Рыкнув, Ратмир вышел из палаты, хлопнул дверью ещё сильнее рассерженного купца. Бурча бранные слова, юноша зашагал по коридорам дворца и едва не влетел в идущего навстречу Люта. Исчерченное шрамами лицо предстало перед дружинником.

— Посторонись, парень, — пробурчал Лют, впечатав юношу в стену.

Ратмир хотел было ответить обидчику, но быстро передумал, сочтя Родославиного разведчика больно суровым. Да и брат не обрадуется его выходке. Вновь забурчав проклятья, Ратмир направился в сад. Сейчас он заберёт сестёр и пойдёт в дедовский дом. Тётя Арина просила присмотреть за её животиной, пока она с мужем пробудет в Камуле… Всё складывалось не так, как хотел Ратмир, не так, как мечтал по дороге домой. Брат продолжал видеть в нём лишь неразумное чадо, не считая нужным прислушиваться к его советам или желаниям. Старший, холодный, сдержанный, он так и остался недостижимо далёк. Любимец отца, любимец катайской знати… любимый, но такой чужой брат.

* * *

Дверь беззвучно отворилась. Неслышной поступью Лют вошёл в палату главы Камбалу. Истислав смотрел в окно, не обращая на наворопников внимания. Истр плотно закрыл дверь, замер за спиной Люта.

— Родослава не придёт, — констатировал глава Камбалу.

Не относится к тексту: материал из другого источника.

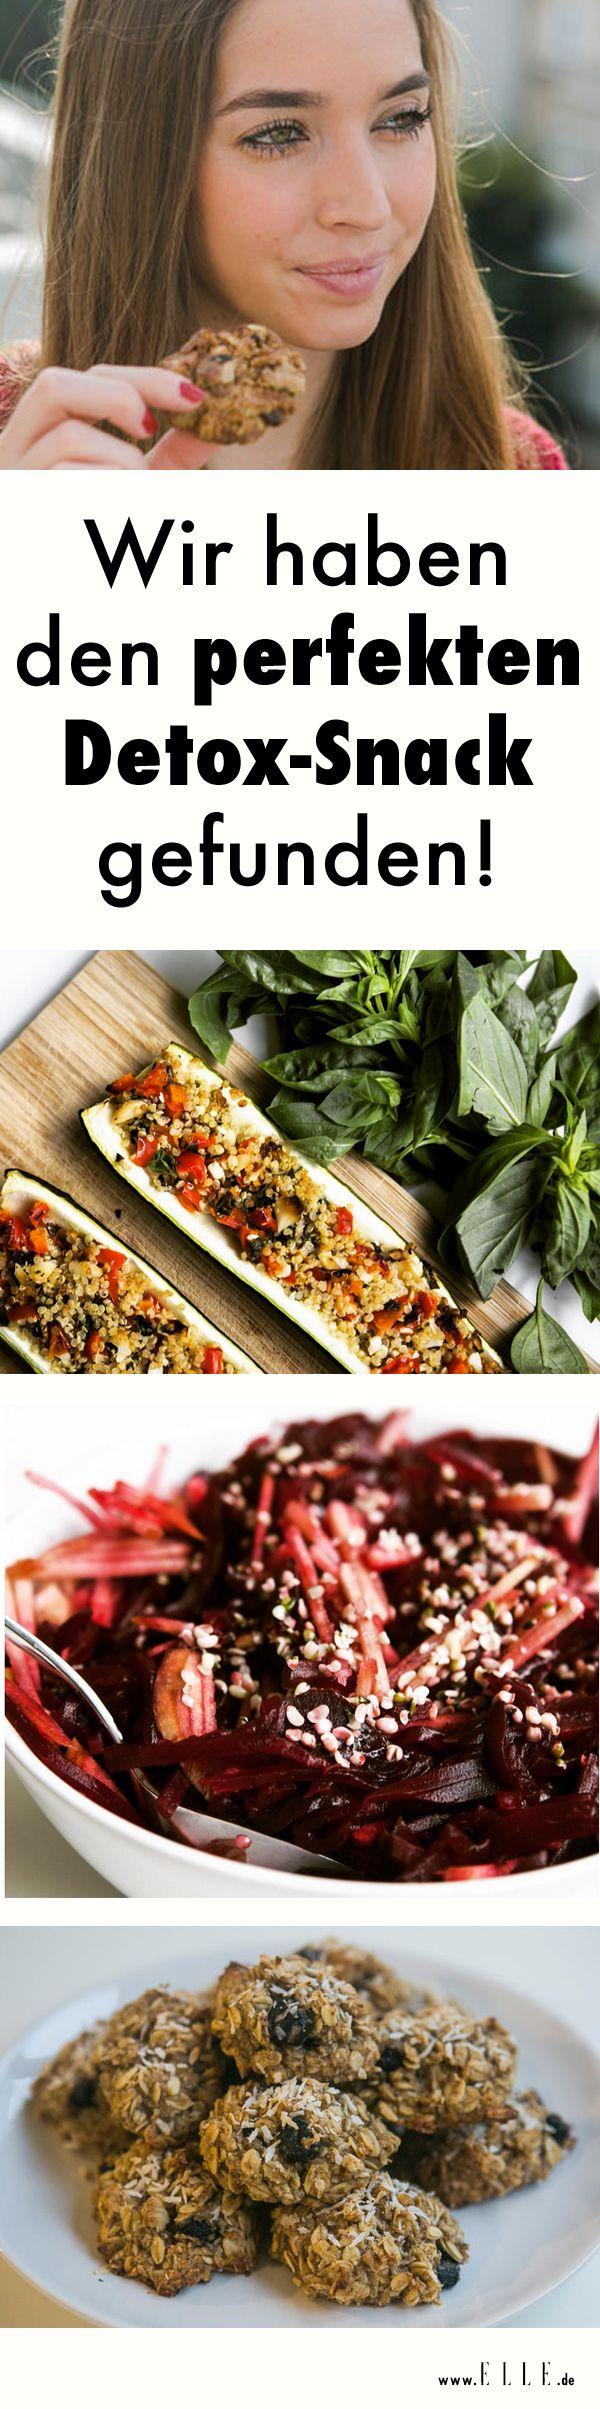 Schlemmen und gleichzeitig was für die Figur tun: Auf ihrem Foodblog Nathalie's Cuisine veröffentlicht Nathalie Gleitman gesunde und köstliche Rezepte. Eine Probe gibt es hier...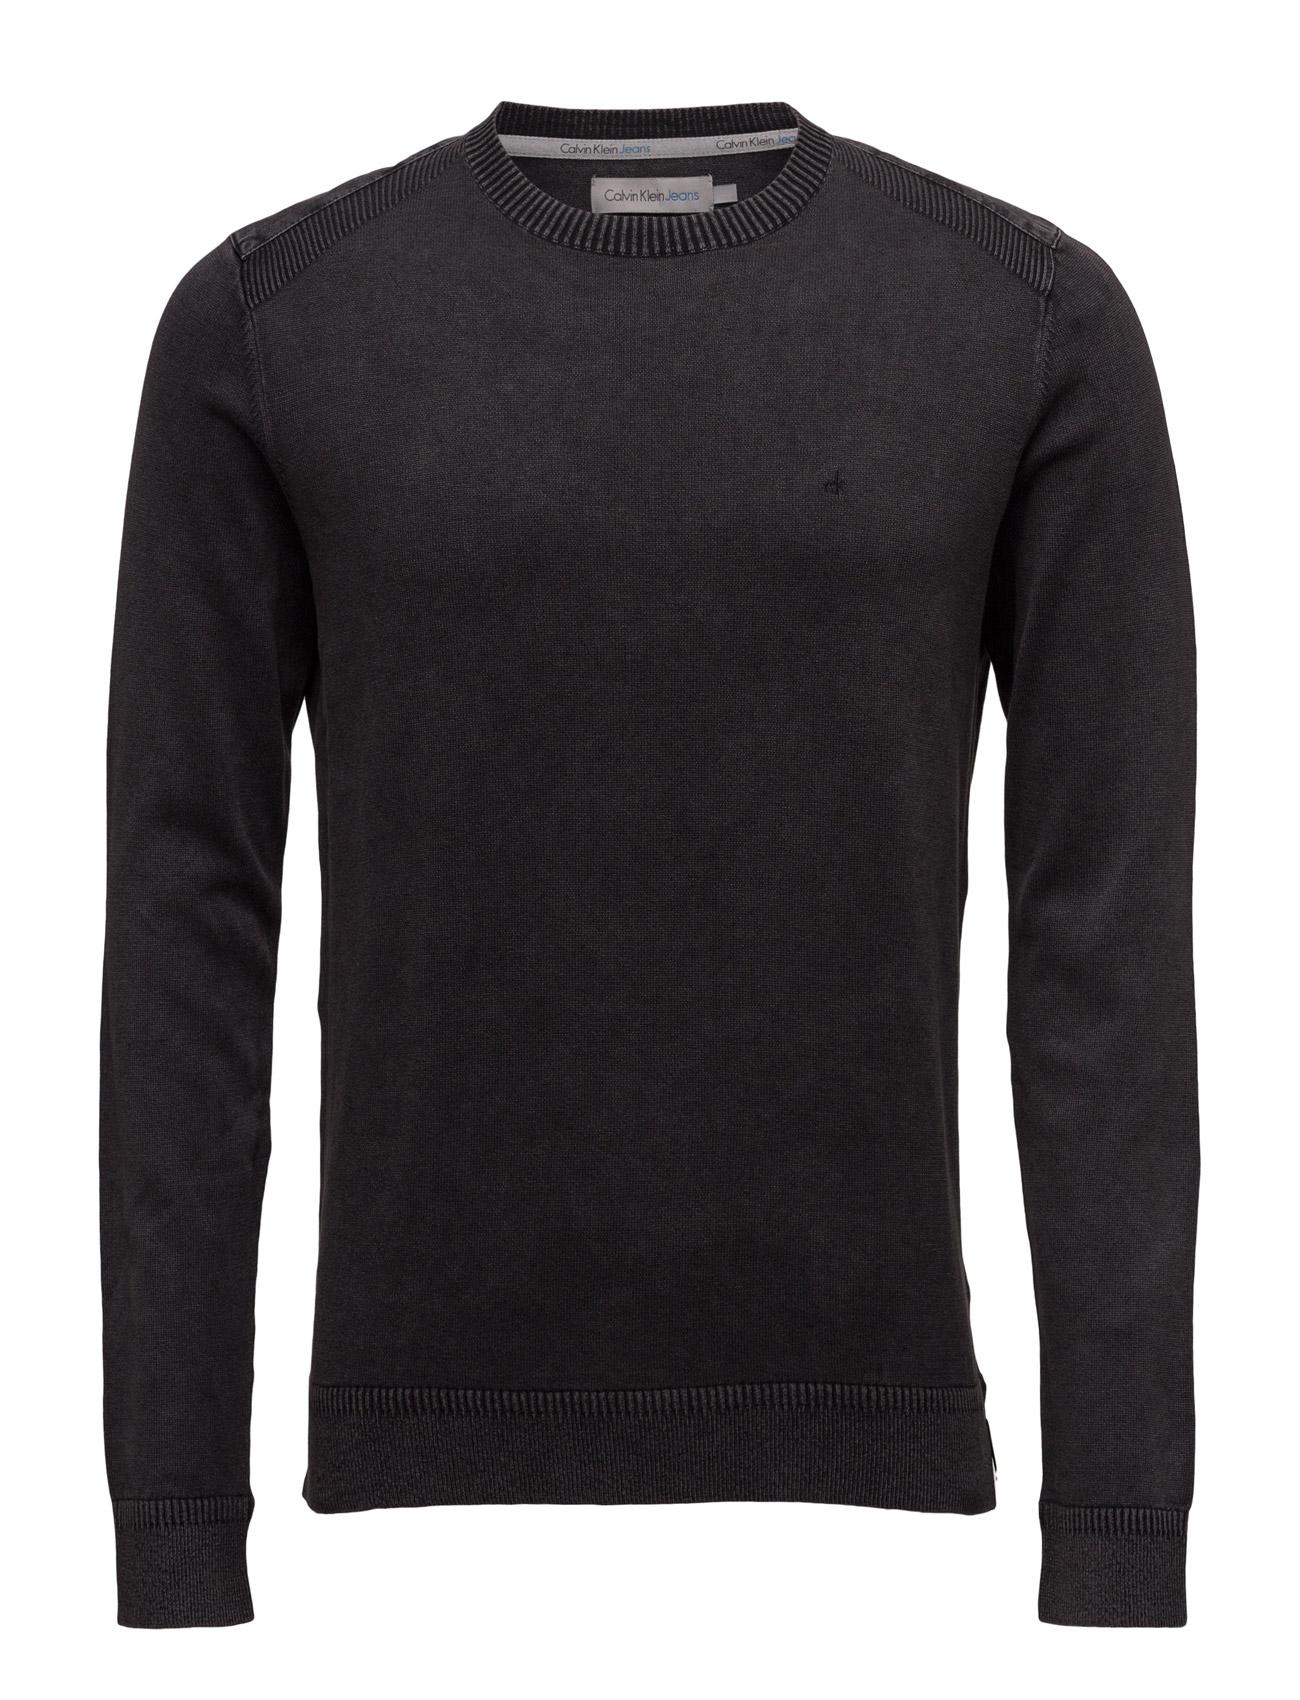 Sunds Mix Media Cn Calvin Klein Jeans Sweat pants til Mænd i

— Отчего? — нахмурился Лют.

— Аким-Гора мёртв, — медленно повернувшись к собеседникам, проронил Истислав. Подумав о чём-то, ухмыльнулся: — Токмо помысли, отряд лучших наворопников Тархтарии не знал о том. А простой дружинник, проходя мимо, узнал то, от чего зависит судьба Катая.

— Рода послала бы Каркуна, нашла бы способ передать такую весть, — рыкнул Лют, не веря в услышанное.

— Да, посему я уверен в том, что дело худо, — кивнул Истислав. — Коли Родослава не передала весть, значит, сильно торопилась, значит, понимала, что грядёт большая беда… Сумела ли она её остановить?

Густые брови сдвинулись к переносице, отчего изрезанное шрамами лицо стало ещё более свирепым. Лют шагнул к Истиславу, прорычал:

— Ты так быстро поверил в то, что сказал какой-то дружинник?

— Я поверил тому, что сказал брат, — поправил Истислав. — Он вспыльчив, упрям, да никогда мне не врал. К тому же кривить предо мной ему незачем… А ещё…

Лют вопросительно посмотрел на Истислава, тот явно о чём-то думал и не спешил посвящать разведчиков в свои мысли. Тревога колотилась в груди, старые шрамы жгли голову — Лют чувствовал неладное ещё на берегу Невера, отпуская Роду в Кийский острог. Сейчас все тревоги становились явью, грозили непоправимыми последствиями.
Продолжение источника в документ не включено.